WHAT TO PRODUCE —
Reproduce only this range: the line holding "piscina spiaggia nuoto" through the last line of the data below, both included, exactly, with no pictures.

GIVEN INFORMATION —
#####
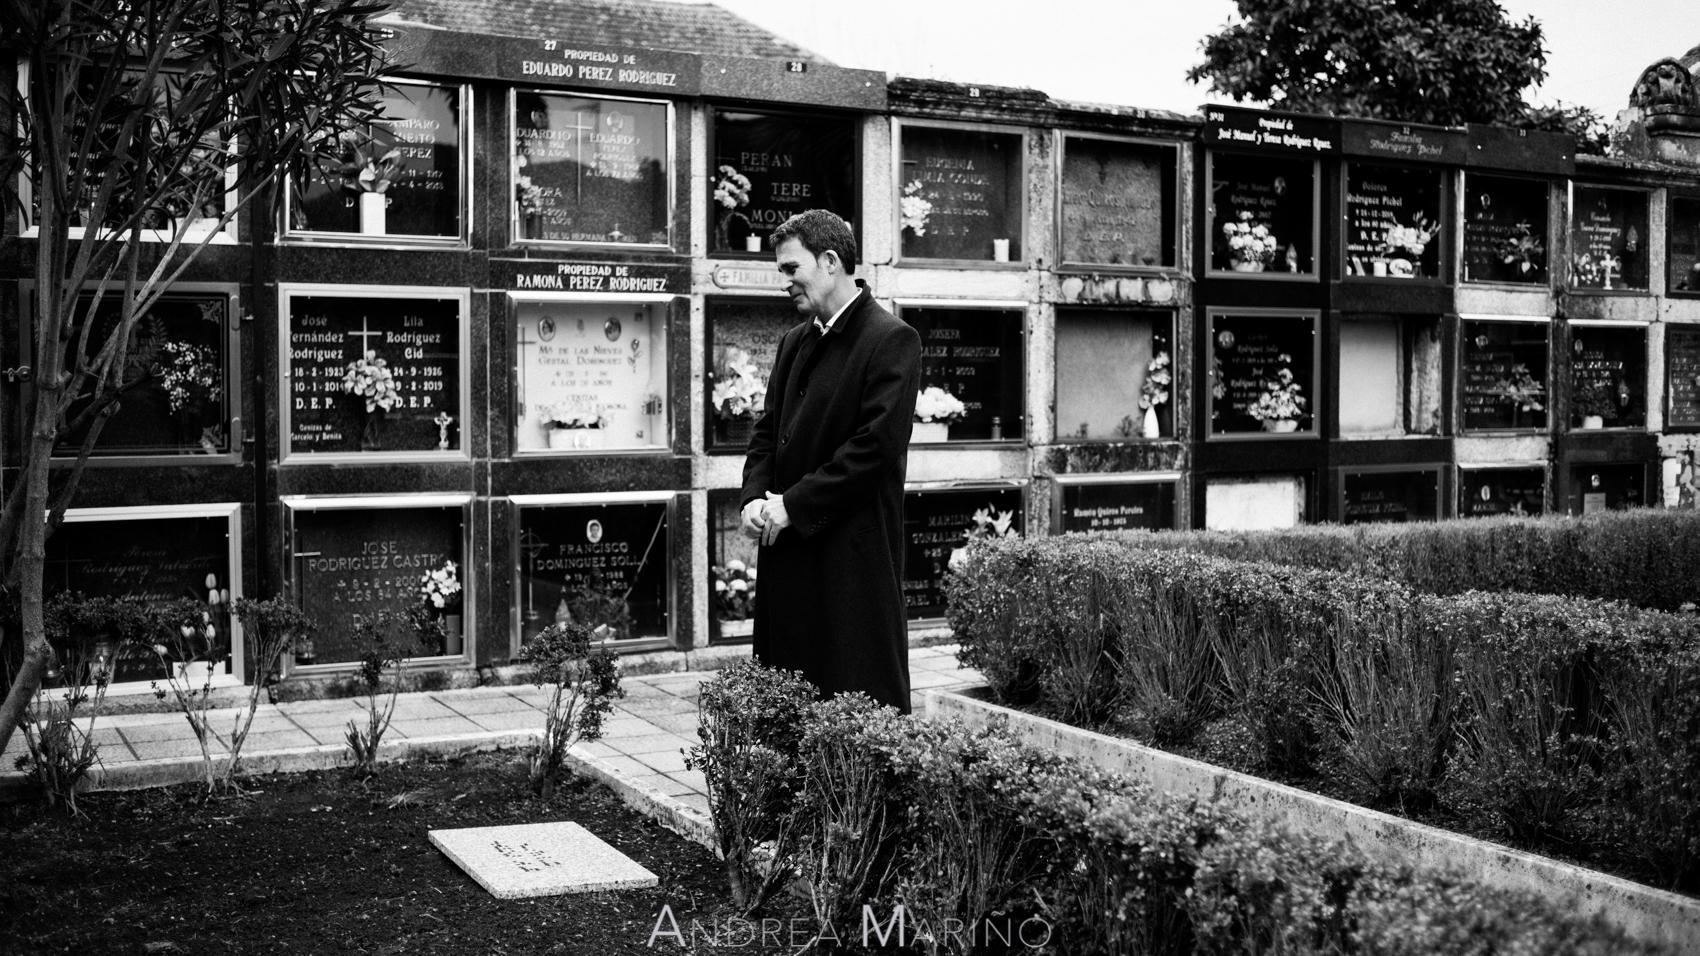 Actor delante de la lápida en el cementerio
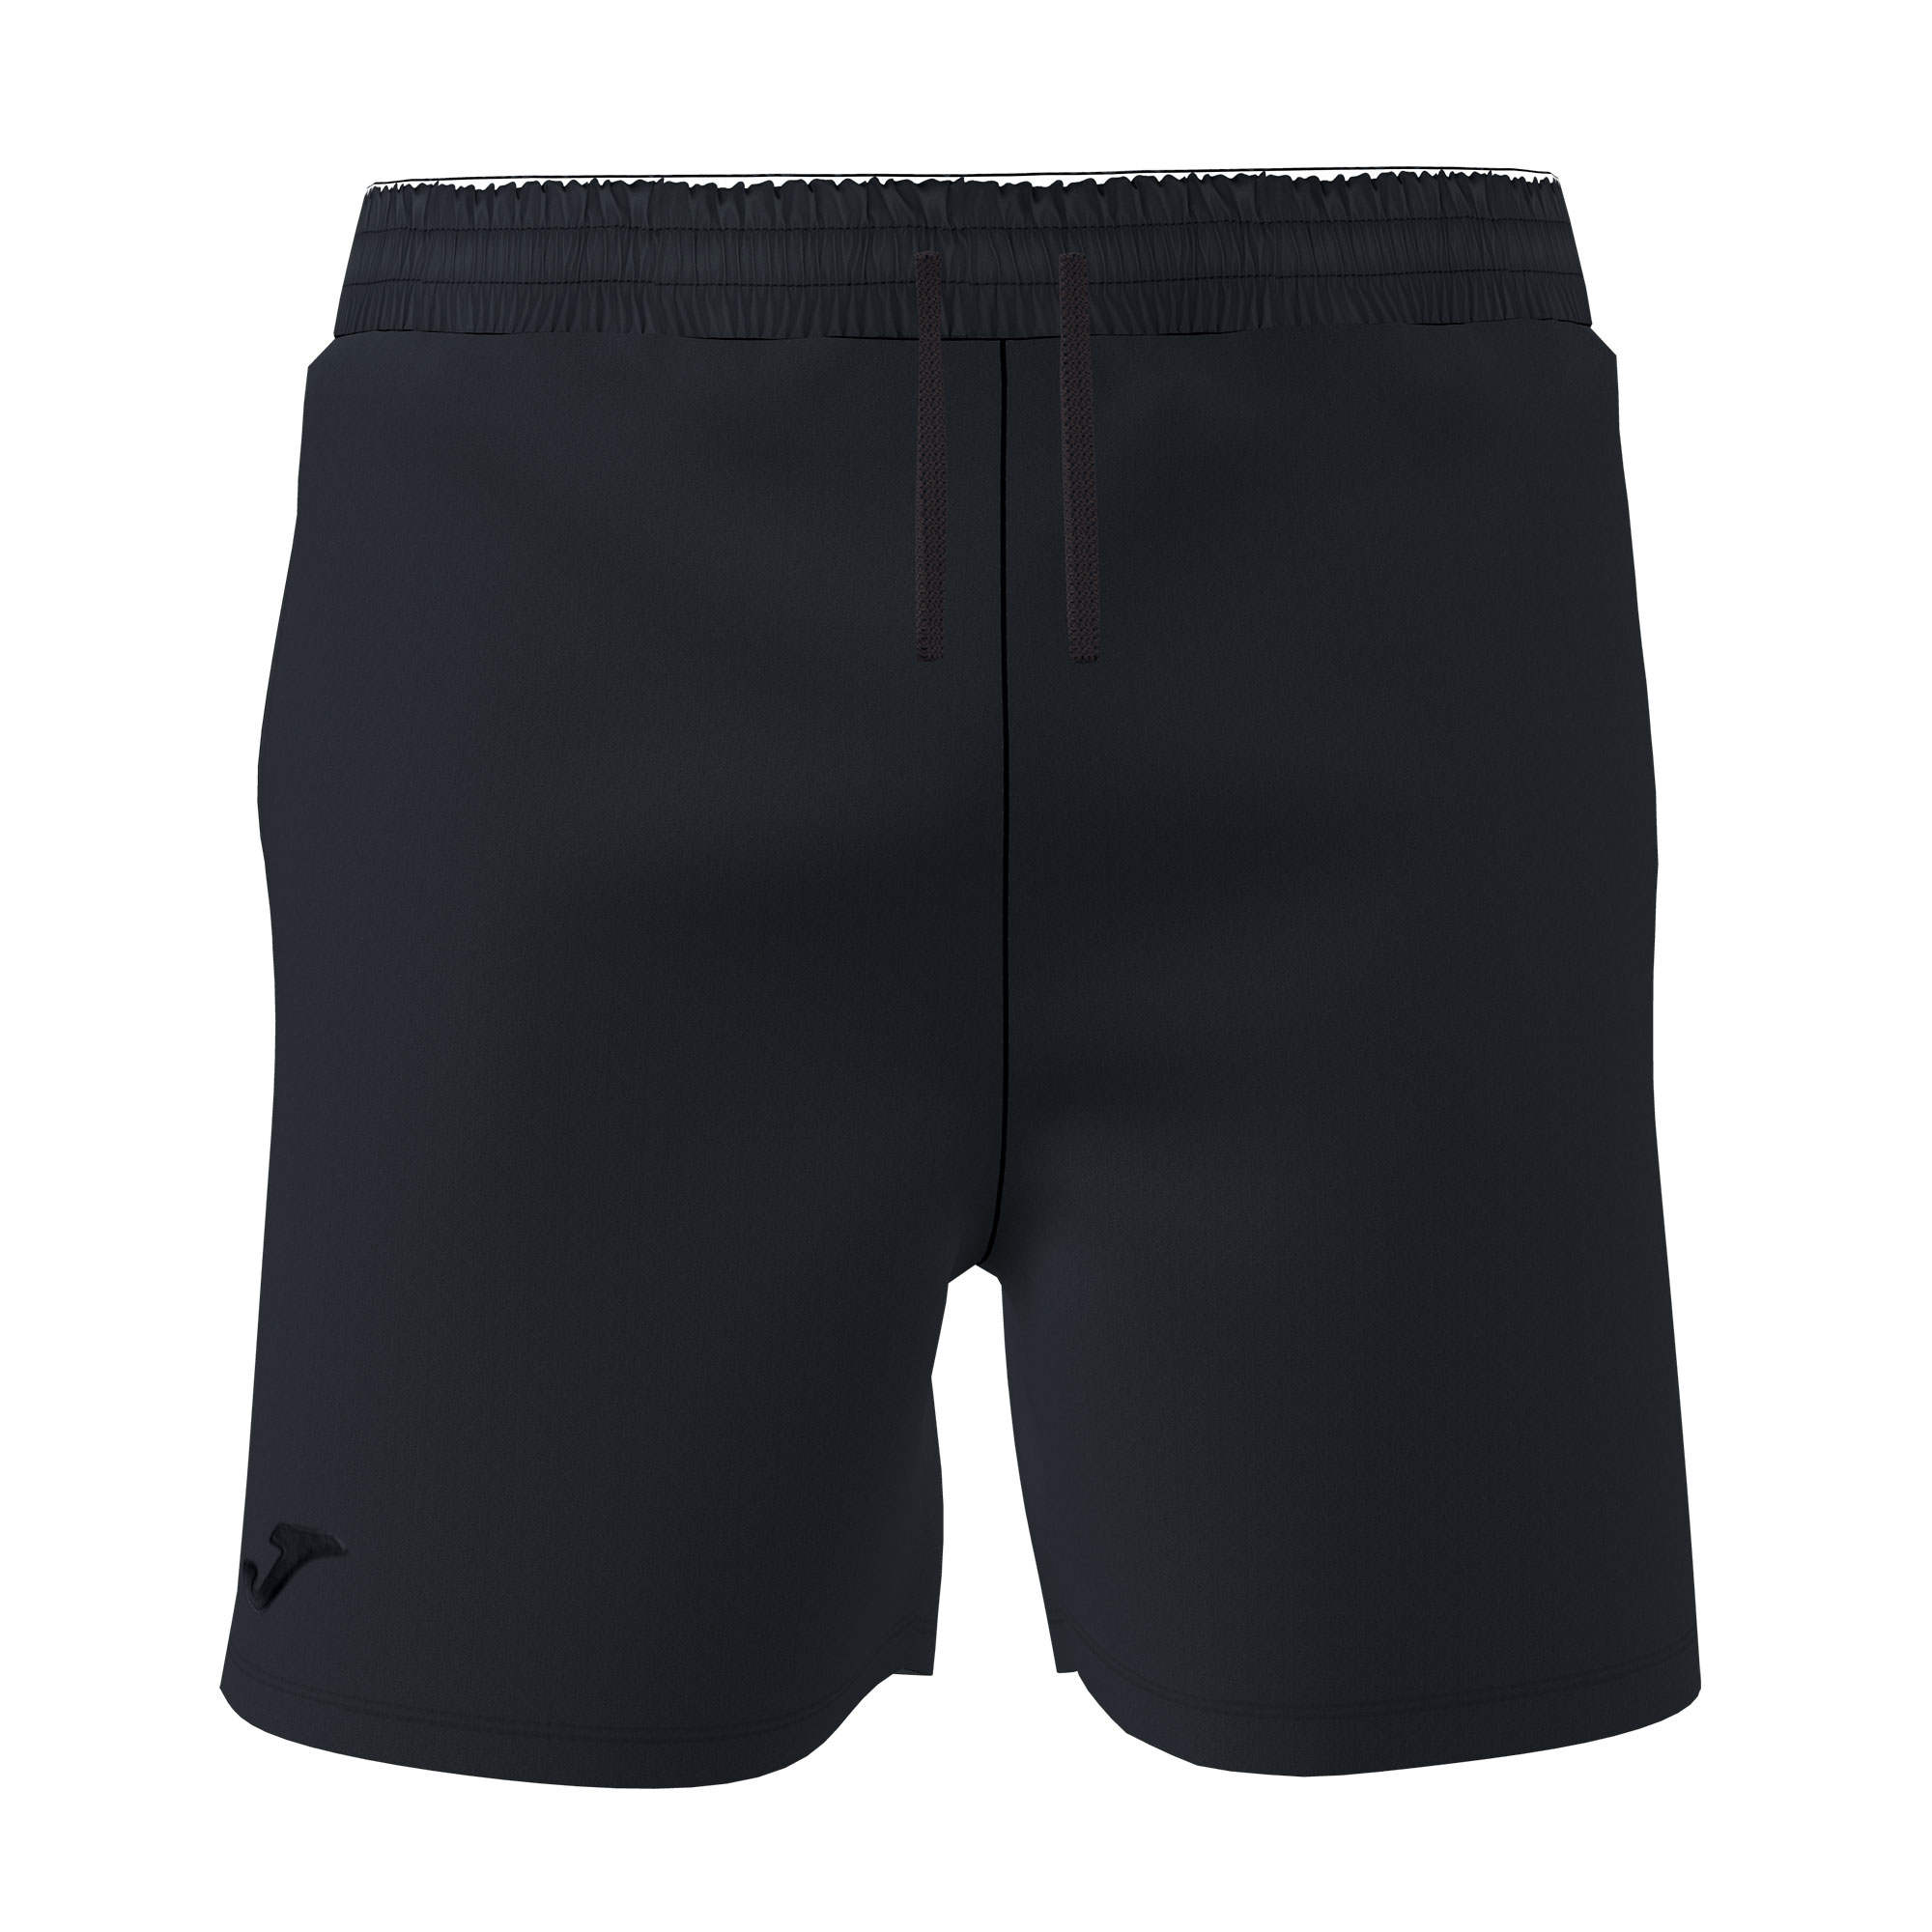 miniatuur 5 -  Joma Antilles Costume da Bagno Pantaloncini Nero mare piscina spiaggia nuoto
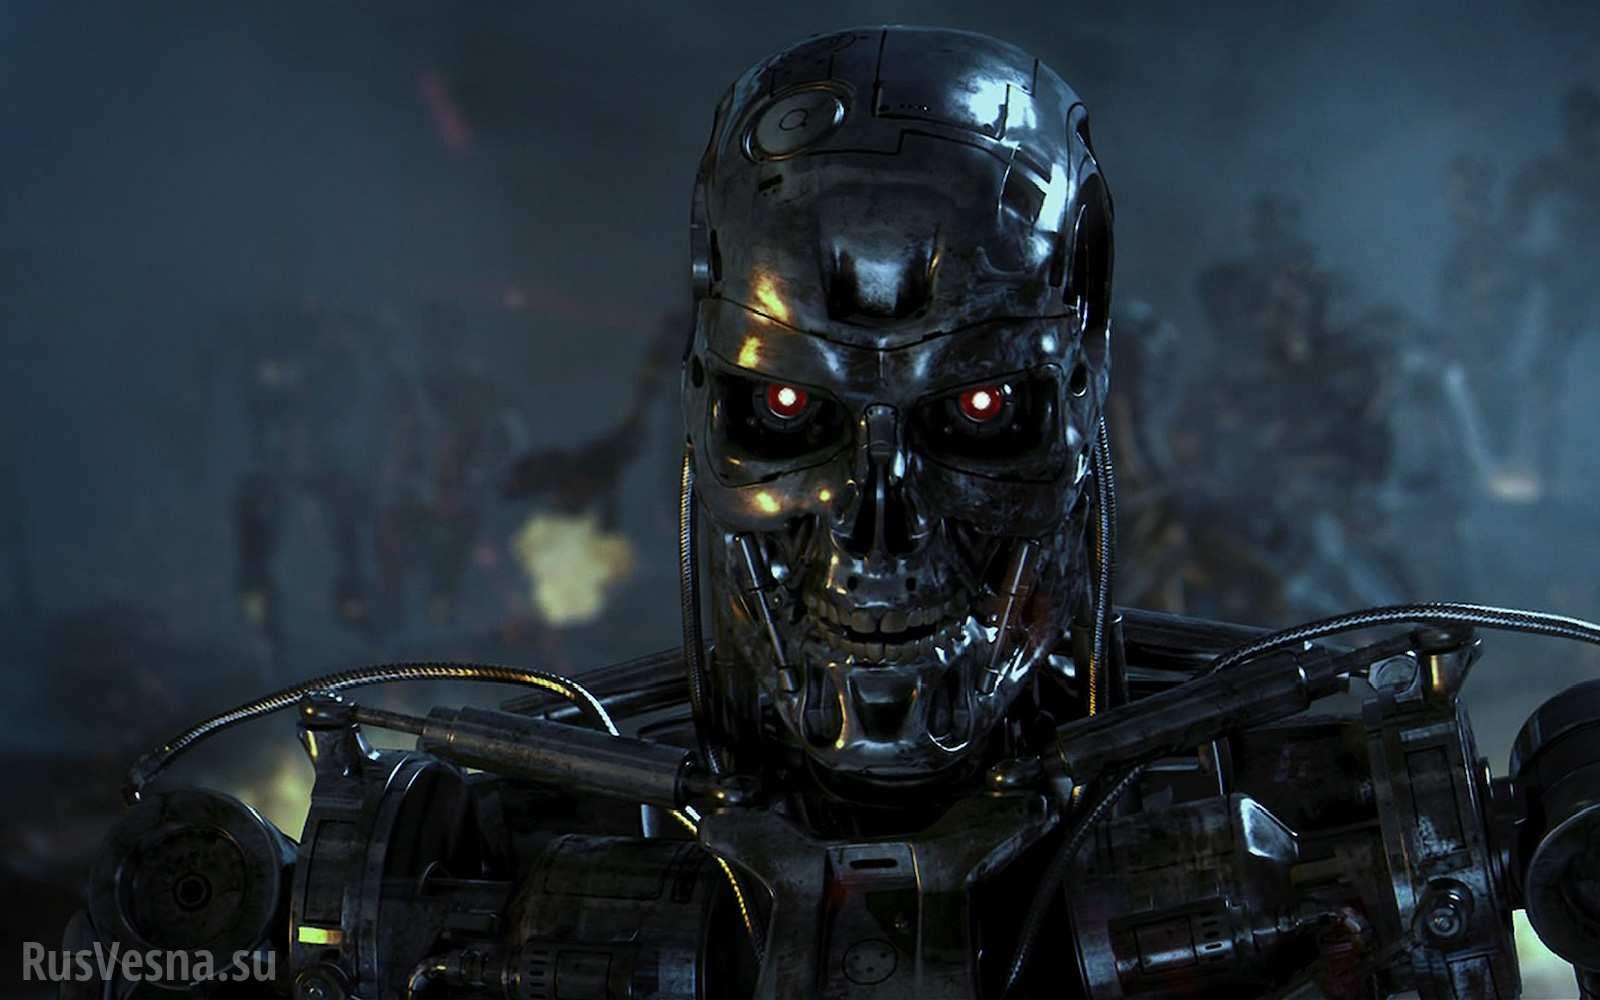 ВИраке собрали боевого робота для борьбы сИГИЛ
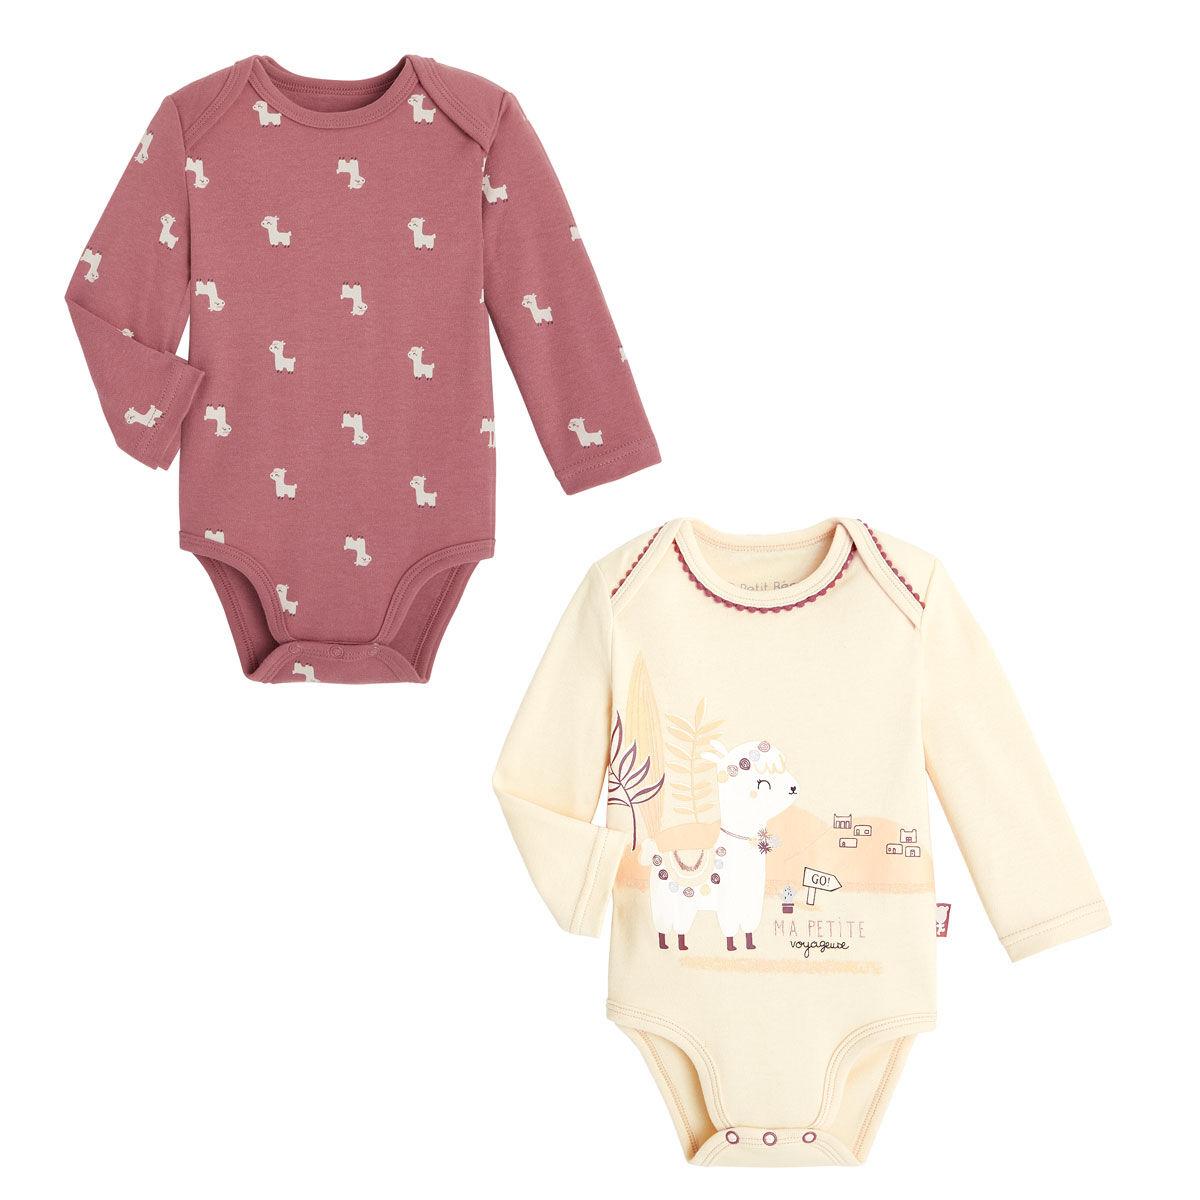 Petit Béguin Lot de 2 bodies bébé fille manches longues Zhao - Taille - 6 mois
#####
SOLUTION TO THE EXERCISE —
 miniatuur 5 -  Joma Antilles Costume da Bagno Pantaloncini Nero mare piscina spiaggia nuoto
 ВИраке собрали боевого робота для борьбы сИГИЛ
 Petit Béguin Lot de 2 bodies bébé fille manches longues Zhao - Taille - 6 mois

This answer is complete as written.